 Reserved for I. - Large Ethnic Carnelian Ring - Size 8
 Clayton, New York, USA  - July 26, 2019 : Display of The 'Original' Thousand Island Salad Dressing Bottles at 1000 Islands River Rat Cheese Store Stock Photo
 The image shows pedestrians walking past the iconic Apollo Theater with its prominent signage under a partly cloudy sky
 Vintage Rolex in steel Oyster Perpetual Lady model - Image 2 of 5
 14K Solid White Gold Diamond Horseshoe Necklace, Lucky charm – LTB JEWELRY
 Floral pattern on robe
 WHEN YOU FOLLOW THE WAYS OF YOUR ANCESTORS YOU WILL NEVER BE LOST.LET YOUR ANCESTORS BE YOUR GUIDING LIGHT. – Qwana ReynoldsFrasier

### YOUR INSTRUCTIONS
Nothing but the lines from the one with "Floral pattern on robe" to the last line of the data should appear in the answer, each exactly as it stands.

### RESPONSE AREA
 Floral pattern on robe
 WHEN YOU FOLLOW THE WAYS OF YOUR ANCESTORS YOU WILL NEVER BE LOST.LET YOUR ANCESTORS BE YOUR GUIDING LIGHT. – Qwana ReynoldsFrasier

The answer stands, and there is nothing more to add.